È un po’ che mi sono accorta che il mio grado di tolleranza nei confronti del genere umano sta calando vertiginosamente. Per esempio, ieri sera non riuscivo a dormire per una serie di sfighe che esulano dal post, per cui mi sono alzata e mi sono messa a vagare in rete. Qualsiasi cosa leggessi su Facebook mi irritava, dal commento meramente personale, all’articolo linkato col quale non ero d’accordo, all’ennesima bufala proparlata ovunque. Mi irritano le polemiche, mi irritano le opinioni, mi irritano gli atteggiamenti della gente. Mi irrita chi muove il culo per manifestare solo quando si tratta di roba che entra nel perimetro ristretto del suo giardino, e poi se ne frega quando in gioco ci sono questioni più grandi, che magari non lo interessano direttamente. Mi irritano le inutili dispute scienza/religione, di cui abbiamo le palle veramente, ma veramente piene. Mi irrita il razzismo della gente del mio quartiere, i toni saccenti di chi si ritiene sempre superiore a tutti. Non che questo poi si traduca in qualcosa di più concreto di una vaga irritazione che mi tengo dentro, e che al massimo paleso con Giuliano, o coi miei. Continuo a sorridere, a chiedere scusa anche quando la colpa è degli altri, a mantenere la calma in pubblico, perché non ho voglia di far casino, perché la gente che s’incazza per ogni minima cosa e se la prende con chi lavora m’ha sempre dato ai nervi. Ma, dentro, sto diventando una persona astiosa, e non so se è colpa di Internet o è un preludio a quel che diventerò di qui a qualche anno: una vecchietta incazzata col mondo. O forse è una versione modificata e sviata della ghiandola del veleno, che dopo dieci anni di onorata carriera ha deciso di manifestarsi anche in me. Del resto, comincio a provar fastidio anche verso tanti discorsi che si fanno intorno ai libri e agli scrittori.

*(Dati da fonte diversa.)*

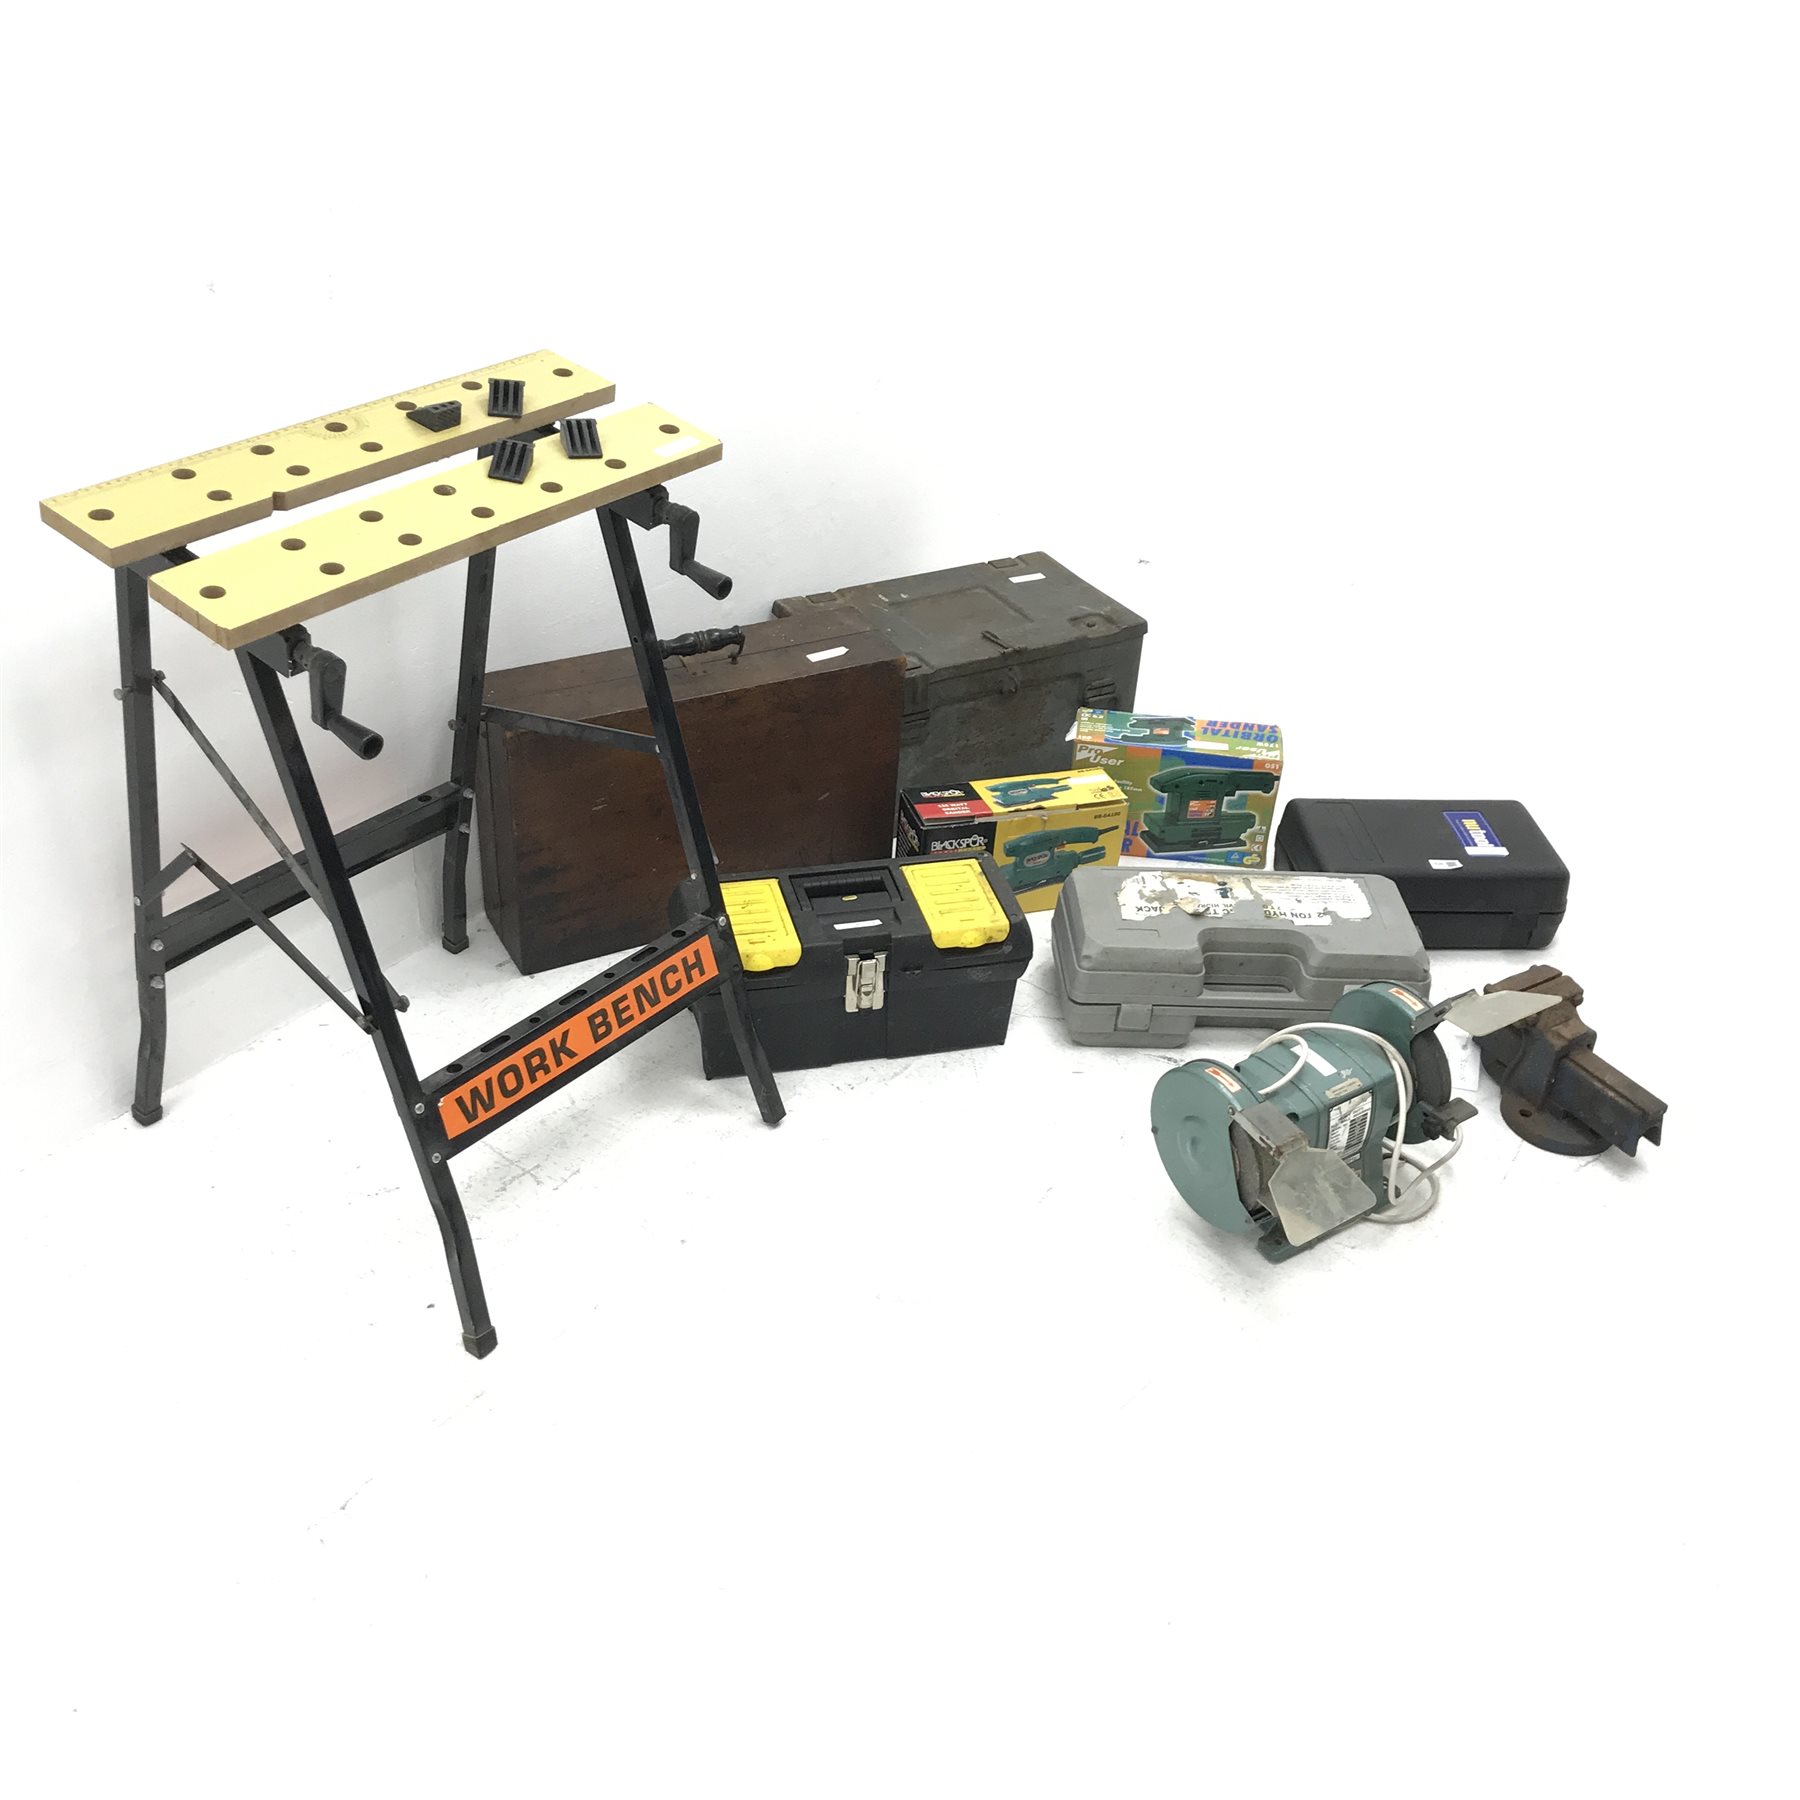 A quantity of tools including Nutool grinder, bench vice, trolley jack, folding work bench etc - Image 2 of 3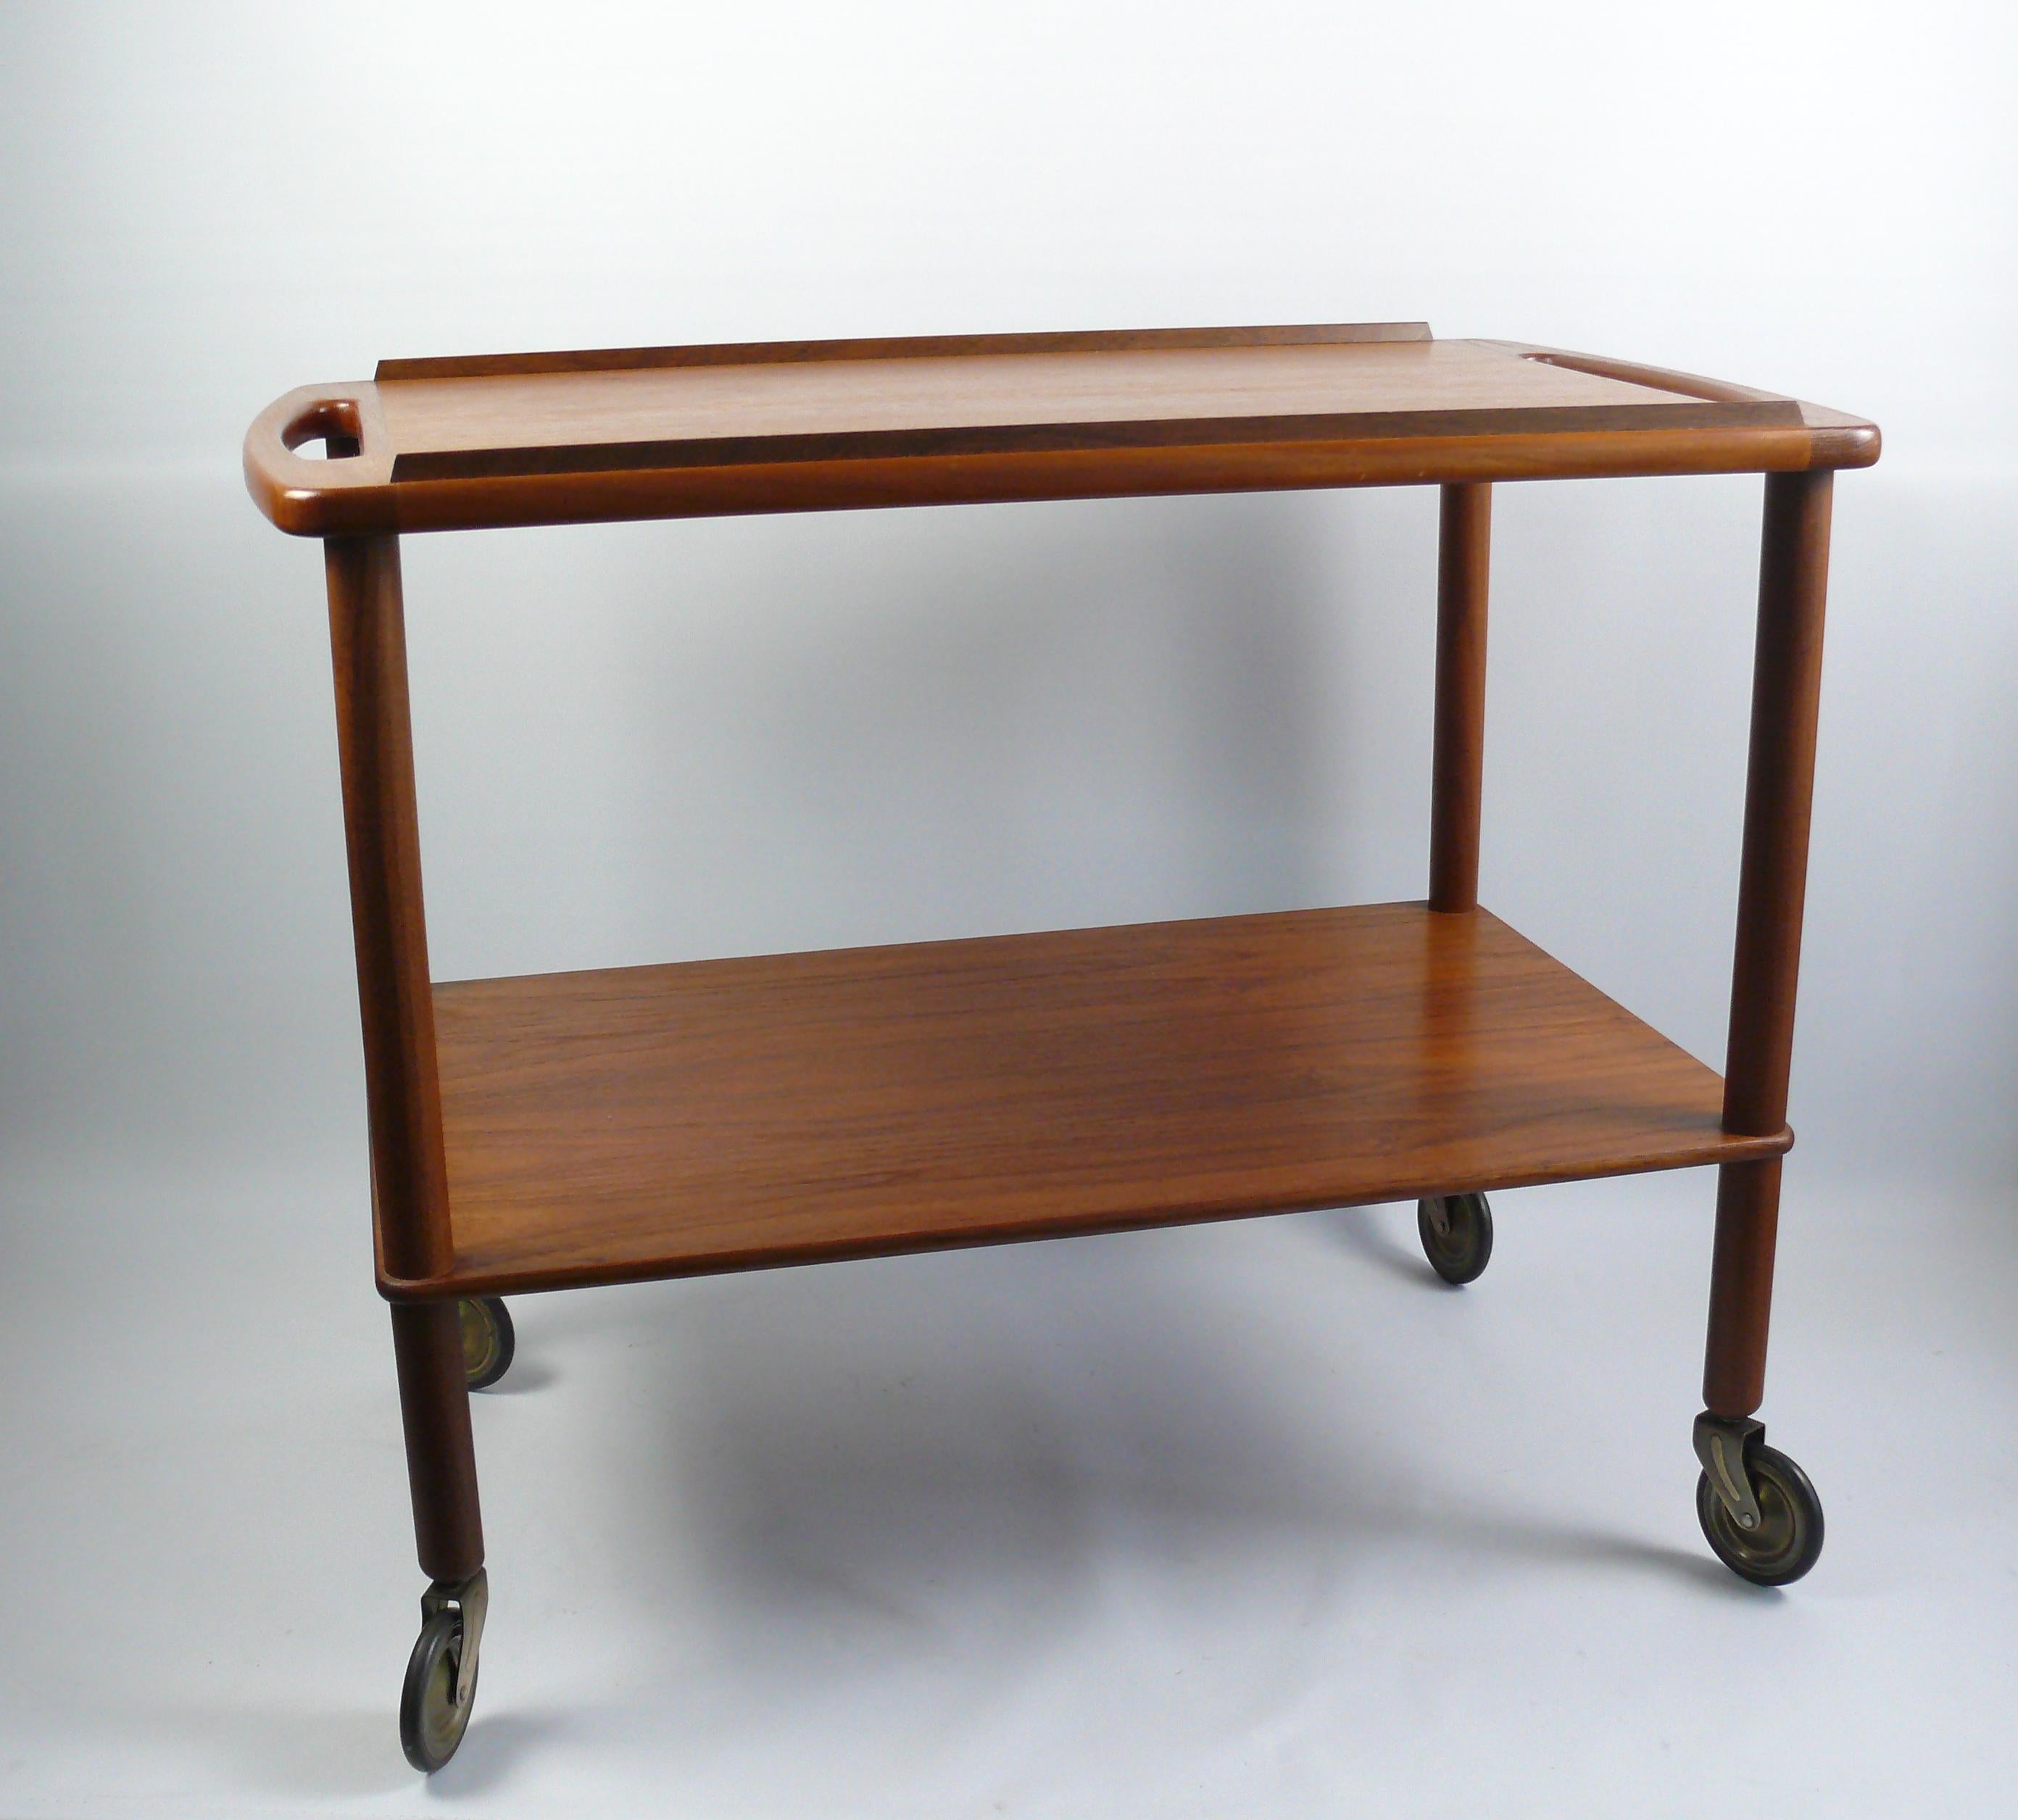 Very well preserved serving trolley / side table in teak from Denmark, probably from the Bowa company, originally from the 1960s. The design is very harmonious with beautiful wood, round legs and rounded tops. The upper plate also has two grip holes

Non so esattamente come porre rimedio. L’ultimo tentativo è quello di stare di meno online. Fino a quando non c’era la rete, avevi la vaga percezione che, da qualche parte, ci fossero degli imbecilli, ma, in linea di massima, non avevi con loro alcun contatto diretto. Con la rete li vedi in faccia e ci parli ogni giorno. Forse il problema è questo. Per cui studio per il mio corso sub, leggo tantissimo, mi do alle avventure grafiche. Ma il mondo è comunque appena fuori dalla finestra, con le sue meschinità, le sue piccinerie, le sue cattiverie gratuite e tutto quanto di male sappiamo farci l’un l’altro.
Sto cercando di educarmi ad una certa tolleranza. Ma non è facile. Forse è solo l’età.